Emily is the older of the two and was adopted at the age of two weeks. Emily has always done well in school and may very well be considered an overachiever. She excelled in swimming and collected a huge amount of ribbons and trophies and might have been considered a tomboy. She’s goofy and has an oddball sense of humor the family finds endearing. Emily knows more about college football than anyone I’ve ever met and wants to go into sports management. She has traveled to Mexico and Puerto Rico to work on public service projects. She also developed anorexia in 2004. Emily’s sickness has been a huge strain on the family in trying to get her the help she needs and trying to understand. I live 300 miles away and often feel helpless in that there is nothing I can do to help her but to tell her that I love her and I think that she is a beautiful and amazing person. She’s slowly getting better, meaning that she knows to eat enough to stay out t of the hospital, but she still displays anorexic symptoms and an intense interest in her appearance that didn’t exist before. For a while she wouldn’t let me photograph her. She would hide and even on one occasion, cry and run into her room. Now I understand that as her wanting to disappear physically, which a camera will not allow. In June 2006, Emily graduated high school and is working, got her first apartment and is attending Boston College. I have high hopes for her because she works so hard to achieve whatever she wants but I also worry that on her own she’ll relapse into severe anorexia.

Abby

Abby, the youngest, was always a funny and charismatic child. She often would do hysterical impressions of people, lip sync and dance to songs she liked. From an early age, Abby always showed an interest in her appearance, spending a lot of time in front of the m mirror and playing with clothes. In middle school Abby joined a materialistic, partying and mean popular group and her personality completely changed. She became mean and manipulative and obsessed with material possessions. She failed to graduate high school because of too many skipped classes and has yet to learn to take responsibility for her life. In the past year she’s refused to let me photograph her anymore and so any recent image I have of her is of her back turned to the camera or of her empty room. Abby makes me sad like I’ve had so little impact as a positive female role model in her life. I want her to succeed and it’s hard to watch her make mistakes, to learn her lessons the hard way. At this point she’s had multiple run-ins with the police and did not pass her first year of junior college but has been accepted to another school in Rhode Island. Before pre-adolescence Emily and Abby were best friends and since then it’s on and off. Recently they were constantly at war but a certain caring has begun to surface on occasion. I see them slowly mending their differences and finding closeness again. I hope that I can find a new closeness with my sisters in the near future.

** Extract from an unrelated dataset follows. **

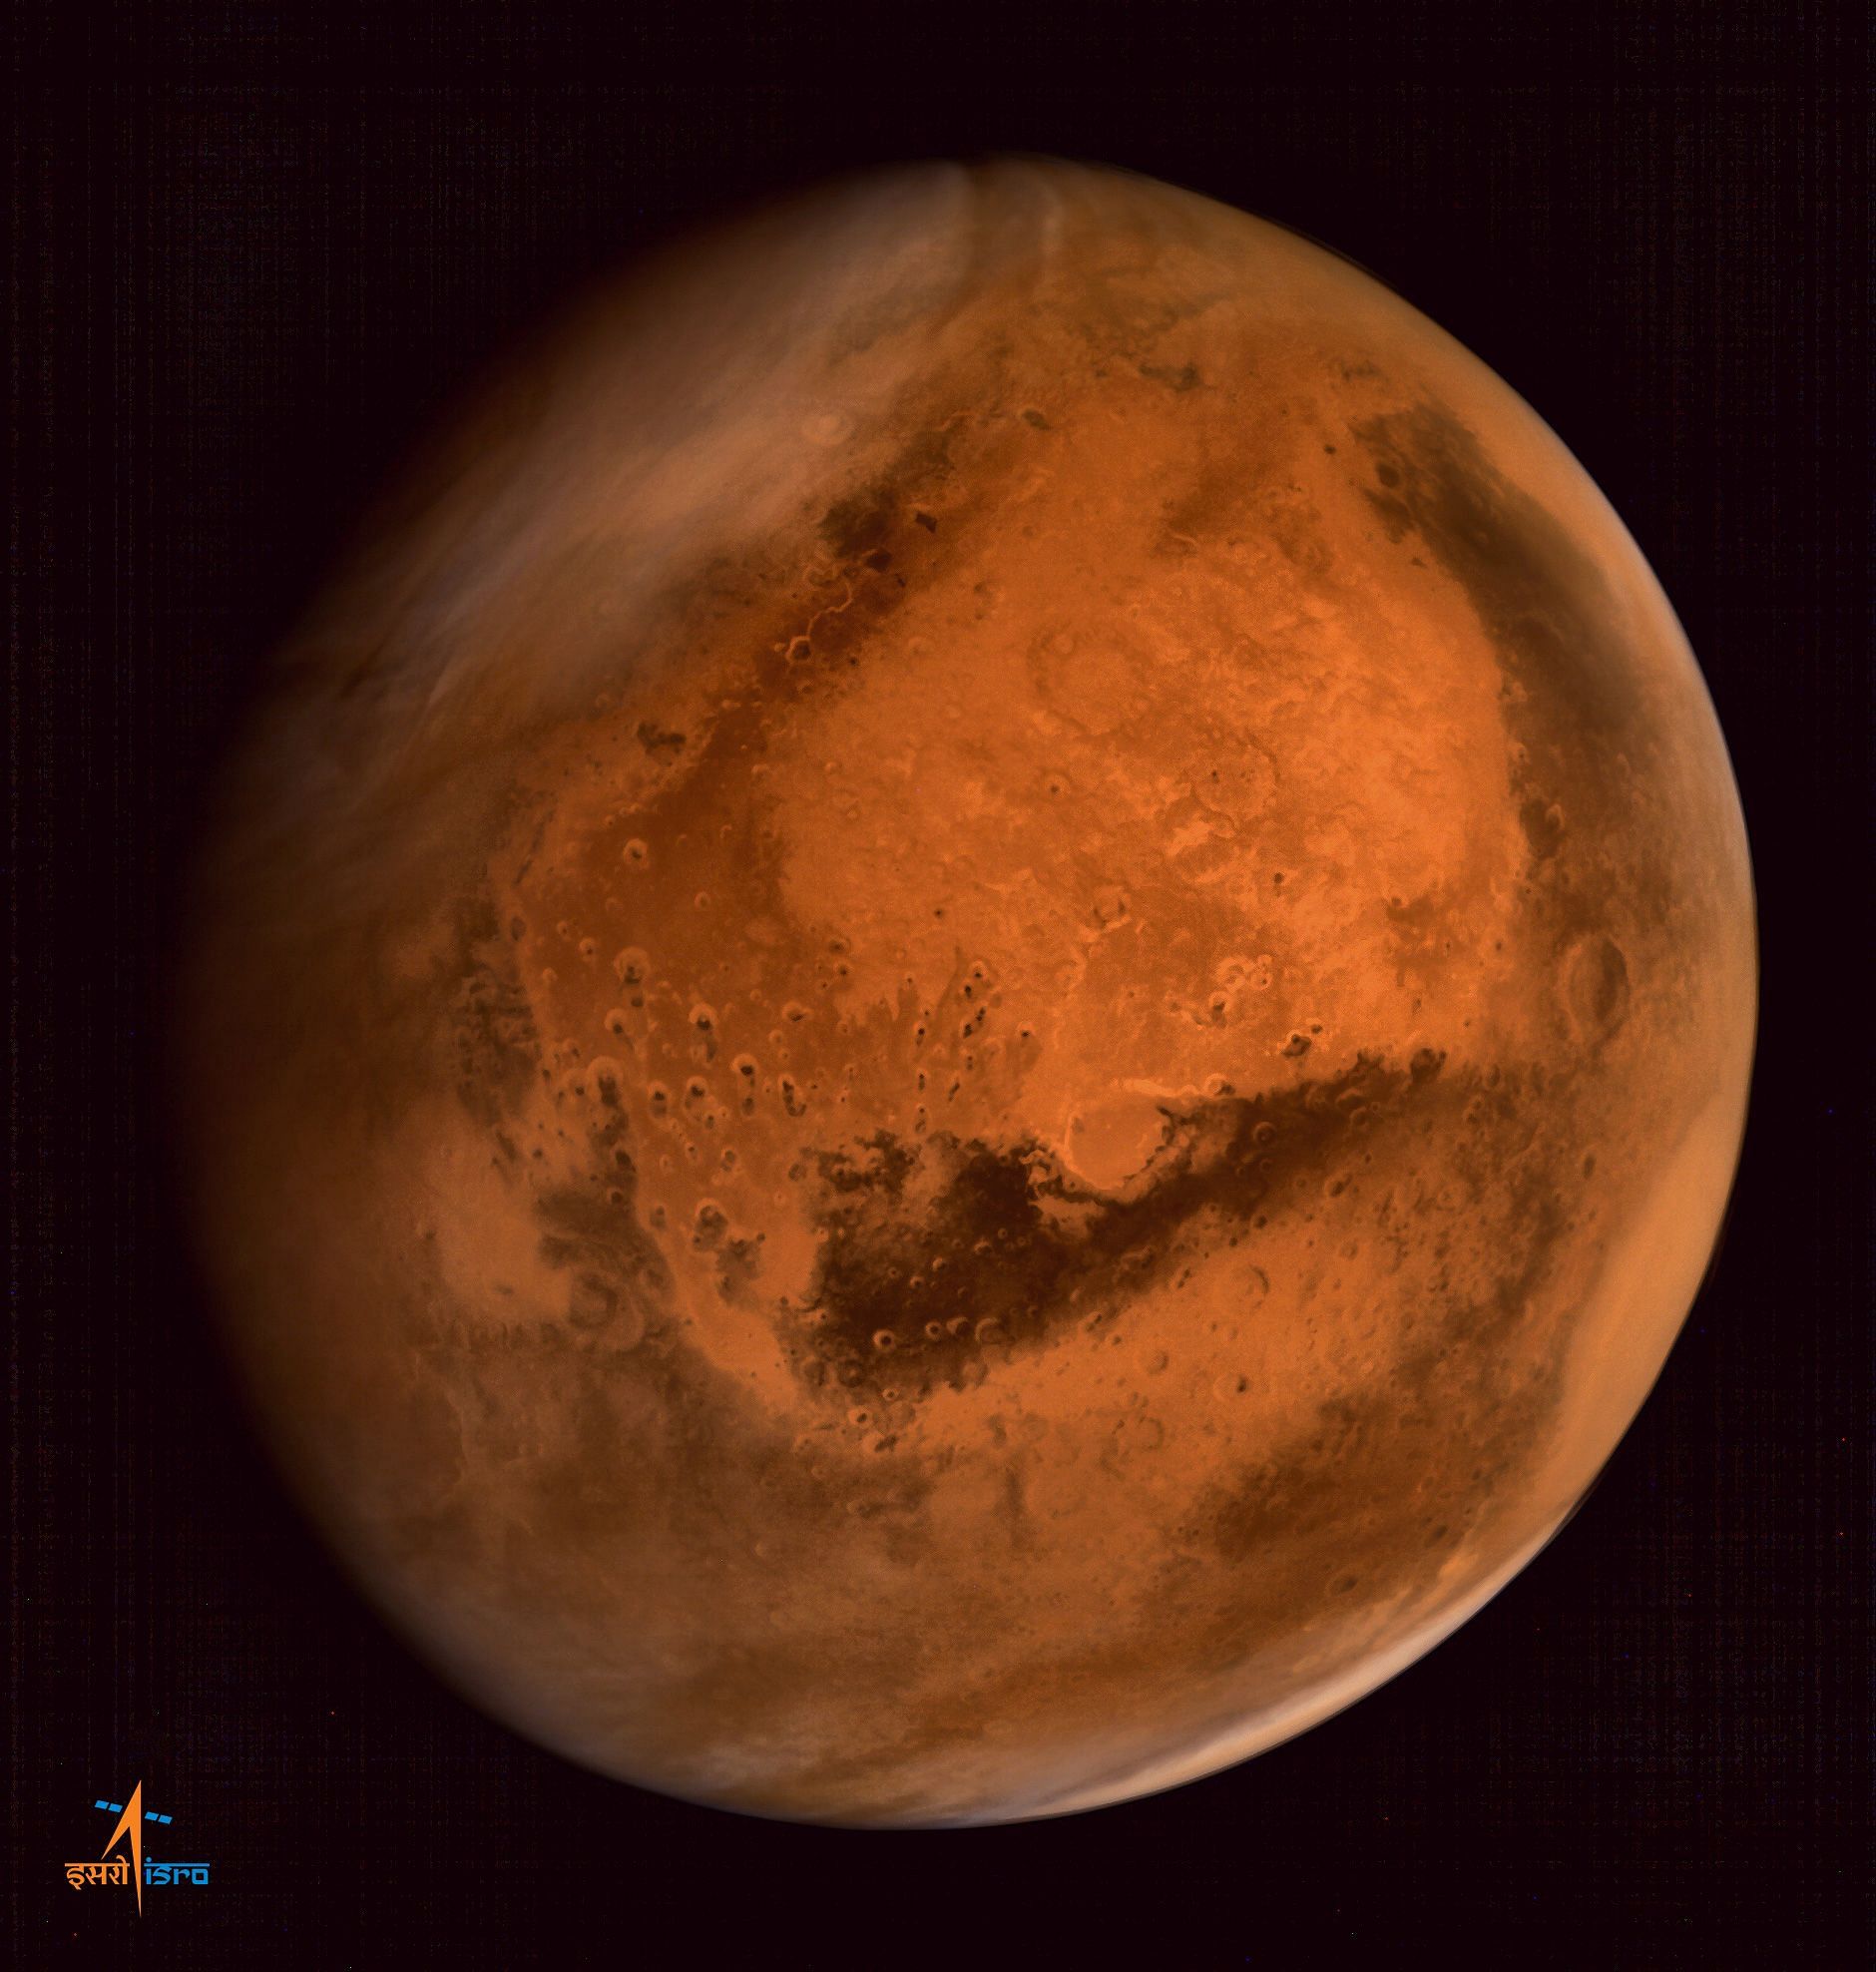 In this file photo taken on September 30, 2014 a handout photograph received from the Indian Space Research Organisation (ISRO) shows an image of the planet Mars taken by the ISRO Mars Orbiter Mission (MOM) spacecraft. Credit: AFP PHOTO/ ISRO

A Quest for Identity in Ten Years

For these ten years I have been fascinated with how a girl, specifically my sisters, develops identity through her adolescence. I am interested in how she may show or hide that identity and what steps she took to own it. I can look at my own process of developing my identity and find non-similarities to my sisters. It is my hope that this quest is expressed in the images and will in fact open dialogue about what girls go through emotionally, academically and physically to find or not find their strong woman inside. I have done a lot of research over these ten years about girls, their confidence and their voice, referencing writers, sociologists and psychologists like Carol Gilligan, Peggy Orenstein, Naomi Wolf, Joan Jacobs Brumberg, Jean Kilbourne and others. It’s been very powerful for me to show this work to a group of girl scouts or high schoolers and talk about my sisters’ issues and the images to have the audiences critique and respond from their point of view, still being in the middle of it all.

I wish my sisters only the best and thank them and my entire family for ten years of putting up with my camera and me. I hope someday they can see this work as something beyond images of themselves and emblematic of something larger. This work is dedicated to Emily and Abby.